» **Material to process**
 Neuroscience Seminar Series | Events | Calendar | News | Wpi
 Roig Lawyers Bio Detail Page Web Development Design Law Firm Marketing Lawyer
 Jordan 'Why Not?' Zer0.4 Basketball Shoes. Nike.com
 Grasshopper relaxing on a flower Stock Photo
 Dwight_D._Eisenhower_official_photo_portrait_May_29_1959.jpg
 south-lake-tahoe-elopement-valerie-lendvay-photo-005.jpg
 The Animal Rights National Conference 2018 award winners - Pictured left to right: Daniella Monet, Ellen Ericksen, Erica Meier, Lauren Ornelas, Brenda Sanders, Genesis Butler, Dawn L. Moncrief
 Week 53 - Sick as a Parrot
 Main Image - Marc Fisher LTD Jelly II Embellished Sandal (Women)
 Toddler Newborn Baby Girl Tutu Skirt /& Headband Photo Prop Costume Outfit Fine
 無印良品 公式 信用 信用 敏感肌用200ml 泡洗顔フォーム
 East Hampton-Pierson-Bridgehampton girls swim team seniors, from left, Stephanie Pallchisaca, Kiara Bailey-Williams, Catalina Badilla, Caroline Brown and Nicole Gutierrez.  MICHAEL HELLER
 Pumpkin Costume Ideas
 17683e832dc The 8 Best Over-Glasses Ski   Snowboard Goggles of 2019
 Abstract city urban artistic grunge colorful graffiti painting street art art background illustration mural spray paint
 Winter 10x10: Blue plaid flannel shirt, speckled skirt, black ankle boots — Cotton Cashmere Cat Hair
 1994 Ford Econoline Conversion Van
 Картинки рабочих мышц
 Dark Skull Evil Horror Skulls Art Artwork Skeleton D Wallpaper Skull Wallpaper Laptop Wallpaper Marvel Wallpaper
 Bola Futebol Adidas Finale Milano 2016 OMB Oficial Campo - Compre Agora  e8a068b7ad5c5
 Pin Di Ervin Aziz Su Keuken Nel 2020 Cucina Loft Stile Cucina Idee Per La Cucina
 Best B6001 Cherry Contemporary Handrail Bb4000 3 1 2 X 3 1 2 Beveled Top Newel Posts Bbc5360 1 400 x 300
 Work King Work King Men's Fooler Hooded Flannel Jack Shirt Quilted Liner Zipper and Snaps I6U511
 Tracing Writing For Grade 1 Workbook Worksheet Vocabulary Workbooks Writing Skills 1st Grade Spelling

» **Instructions for the task**
Scan the listing above, and wherever a line holds the string "Best", copy that line.

» **Response below**
 17683e832dc The 8 Best Over-Glasses Ski   Snowboard Goggles of 2019
 Best B6001 Cherry Contemporary Handrail Bb4000 3 1 2 X 3 1 2 Beveled Top Newel Posts Bbc5360 1 400 x 300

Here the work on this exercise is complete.